A Makerbot 3D printer is used for various art classes at the University of Nebraska-Lincoln. The printer creates objects by gluing thin layers of plastic together – the same plastic used in Legos. When printing, it sounds like a mix between a standard inkjet printer and a sci-fi film spaceship. (photo by Hilary Stohs-Krause, NET News)

Thompson, on the other hand, takes the opposite approach to his work, much of which only exists as an online visualization or lines of software code.

“My work is almost entirely non-visual at this point,” he said. “The pieces are way more conceptual and cerebral, and meant to exist half in your head and half in the world. … I don’t make objects that I care so much about hanging above someone’s sofa.”

While demonstrating how a 3D printer operates in his classroom at UNL, Thompson’s technical background is obvious: the object he’s printing – a whistle – involves around 40,000 commands, or specific instructions to the computer.

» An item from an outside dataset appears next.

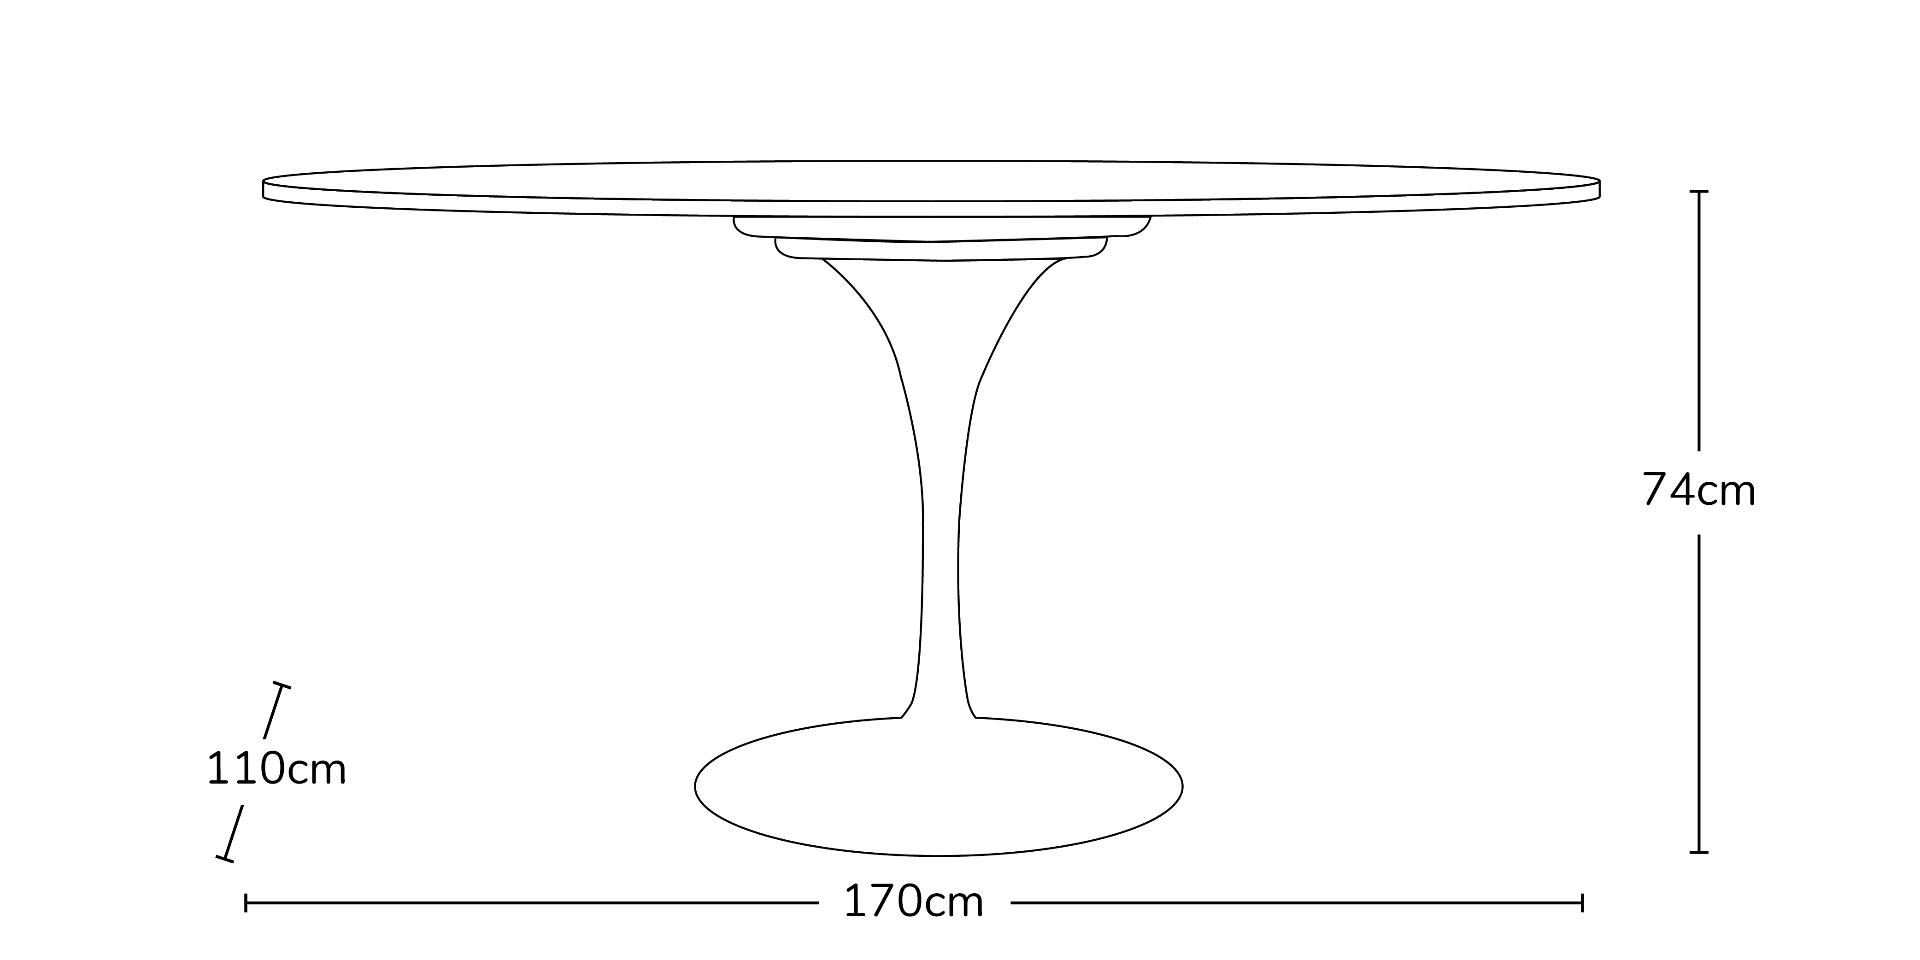 Eero Saarinen Inspired Tulip Table Top Oval Table 170cm

Though they have different approaches, both Thompson and Kelly have strong computer backgrounds, and they bring a kind of open-source ethos to the table. Kelly envisions the day when household-sized Vangobots would allow anyone to create quality, original paintings, while Thompson shares all his work on his website, free to download, including the programming and coding. He said the art market is driven too much by money and profit.

“That whole idea of ownership and copyright and sharing, it’s something that processes – especially cultural processes, like art – that use digital technologies are really well-suited to address,” he said.

As for the “validity” of art made with or connected to technology? When asked about this debate, Campbell just laughed, describing the question of “what is art?” as an endless argument.

“With all artwork – not just new media – it’s finding your own personal point of entry,” she said. “So when something like the fact that it’s just new media dominates the conversation, I think that actually does a disservice to the work, because there’s more than just technology happening in these works.”

One of Jeff Thompson's 3D printing designs is an accessory that allows him to hook up a stethoscope to his smartphone and record his heartbeat. Thompson is an associate professor of digital arts and new genres at the University of Nebraska-Lincoln. (photo by Hilary Stohs-Krause, NET News)

One of Jeff Thompson’s 3D printing designs is an accessory that allows him to hook up a stethoscope to his smartphone and record his heartbeat. Thompson is an associate professor of digital arts and new genres at the University of Nebraska-Lincoln. (photo by Hilary Stohs-Krause, NET News)

Digital technology is just another tool, Thompson said, no different from a paintbrush or a chisel.

And we’re really just scratching the surface of what’s possible, he added.

“There’s so much happening. And there’s so many different things, and they’re all really exciting,” Thompson said. “And if you open that door and you look down, it’s just this spiraling wormhole of exciting things happening.”

Who knows what they’ll come up with next.